I agree, I do think though that if you have a kid that is new to the sport and want to boost some confidence then these bikes are OK - if you never plan on climbing. By taking off the suspension fork, putting on a rigid fork and still coming in at almost 26 pounds is pretty big clue where the weight is coming from. The wheels.

I had a 27.5+ bike for a while and ended up thinking it was pretty average after all the hype. It seemed like too much of a balloon-y feeling I ended up liking the 2.6" tires better. Anyway, more options are a good thing as long as you realize there is little to zero upgrades available to reduce rolling mass for these kids plus right now.


----------



## mjbrox (Jan 6, 2005)

TwoTone said:


> As much as I spent trying to lose weight for my kids- I don't get the kid plus or fat unless you actually ride snow.

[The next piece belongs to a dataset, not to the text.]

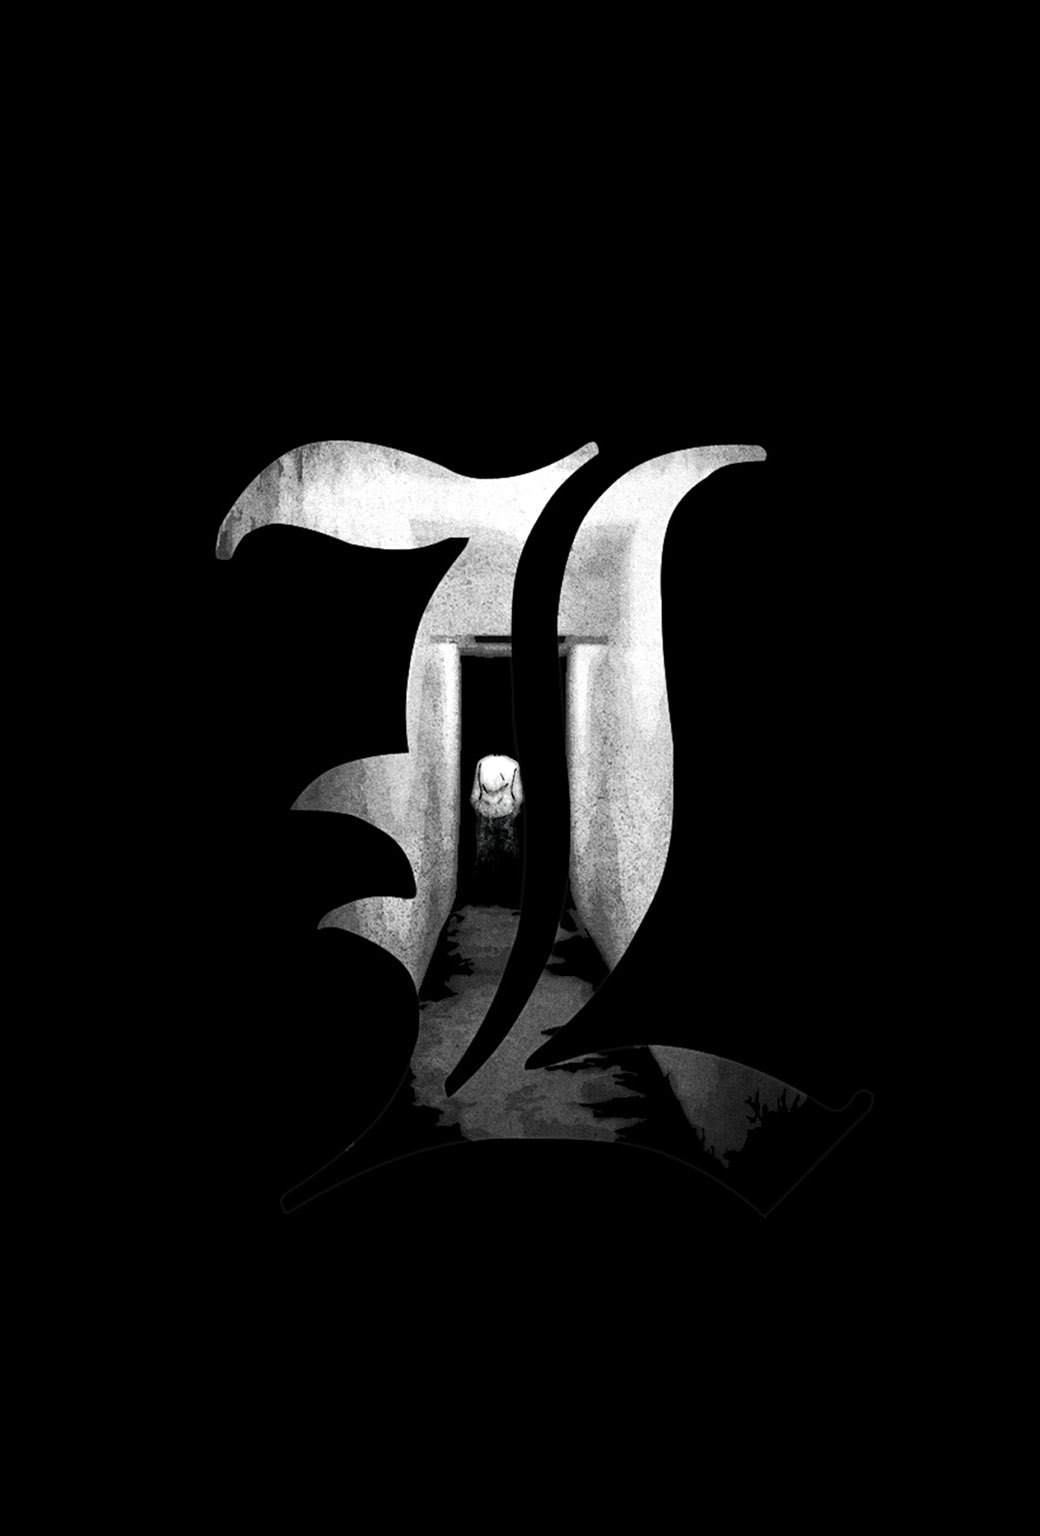 death note wallpaper iphone,black,black and white,font,logo,monochrome photography

Am i wrong in thinking that plus size would give some of the advantage of suspension with out the sacrifice of adding a big heavy fork?


----------



## RMCDan (Feb 28, 2008)

mjbrox said:


> Am i wrong in thinking that plus size would give some of the advantage of suspension with out the sacrifice of adding a big heavy fork?


It's a bit of a zero sum game since the tires weigh more and have more drag. Also, the "suspension" fat tires provide has no rebound dampening. Open the rebound adjuster all the way up on your fork/shock and see how your bike rides....


----------